KUALA LUMPUR (Nov 24): Malaysian Rating Corp Bhd (MARC) has affirmed Malakoff Corp Bhd’s wholly-owned subsidiary Malakoff Power Bhd's (MPower) outstanding RM2.93 billion Sukuk Murabahah rating at AA-IS with a stable outlook.
The rating is underpinned by the predictability of cash flows from Malakoff’s independent power plants (IPPs) under long-term purchase agreements (PPA) with Tenaga Nasional Bhd (TNB), which has a AAA rating with a stable outlook, MARC said in a statement.
"This is evidenced by the plants’ strong operational track record of meeting PPA requirements. Moderating the rating is the high reliance on residual cash flows from two of Malakoff’s IPPs, namely Tanjung Bin Power Sdn Bhd and Segari Energy Ventures Sdn Bhd," it added.
MARC said it had approached the rating of MPower, the operations and maintenance operator of Malakoff’s majority-owned domestic IPPs, by considering the consolidated profile of both, as they have strong operational and financial connections between them, particularly on the common reliance on residual cash flows from Malakoff's power plants and the explicit Kafalah guarantee, which are in favour of MPower's sukuk-holders.
MARC said Malakoff had received capacity payments of RM1.06 billion during the first half of 2021, up from RM1.03 billion for the same period last year, which the ratings agency said was in line with expectations, as its key IPPs met PPA requirements.
Malakoff was able to fully pass through its fuel costs to TNB, said MARC, but noted that its energy payments had declined to RM1.37 billion in the first half of 2021 - largely due to lower electricity demand during the period — compared to RM1.73 billion a year prior.

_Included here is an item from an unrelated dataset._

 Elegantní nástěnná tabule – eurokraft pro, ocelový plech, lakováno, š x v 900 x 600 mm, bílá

Writing on the group’s leverage position, MARC said Malakoff had improved slightly with a debt-to-equity (DE) ratio at 1.65x after scheduled repayments of group debt. The rating agency expects Malakoff to improve its leverage position, as repayments on outstanding borrowings are expected to exceed potential new borrowings. It added that the DE ratio will likely fall below 1.5x over the next three years, and in the next one-year period, Malakoff is scheduled to repay RM1.4 billion, while any new capital commitments will be funded by internal cash and/or borrowings.

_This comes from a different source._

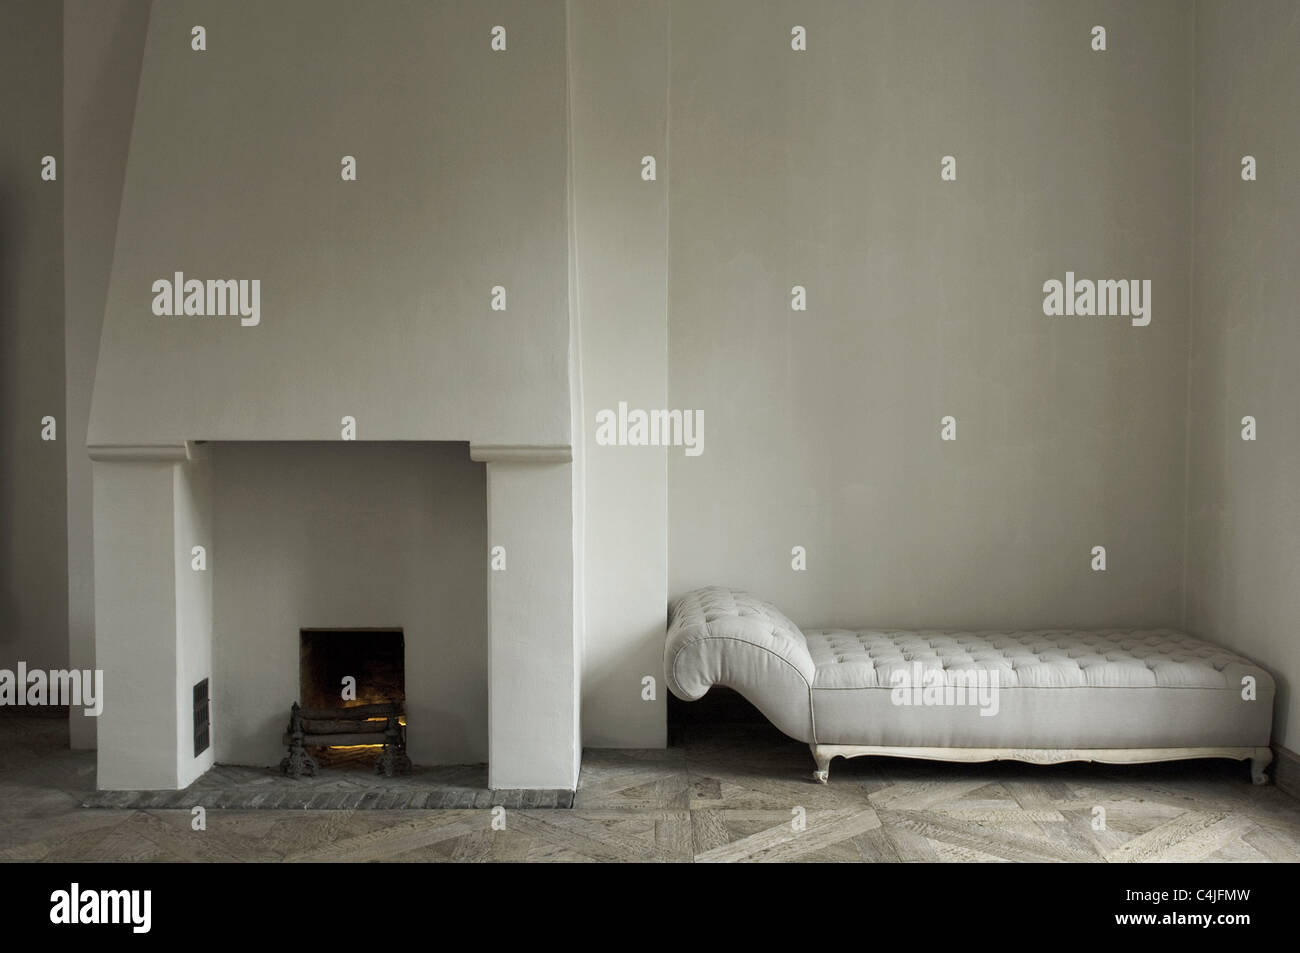 chimney and sofa Stock Photo

At company level, MPower recorded an operational cash flow of RM338.1 million, supported by a RM334.7 million repayment of its inter-company loan to Malakoff.
"Its cash and bank balances (including investments) of RM624.8 million as at end-June 2021 is sufficient to meet its upcoming sukuk repayment of RM500.0 million on Dec 17, 2021. The stable outlook incorporates MARC's expectation that Malakoff's power generating subsidiaries will continue delivering satisfactory operational performance,” saiid MARC.
Malakoff’s share price was unchanged at 76 sen on Thursday (Nov 25), for a market capitalisation of RM3.82 billion.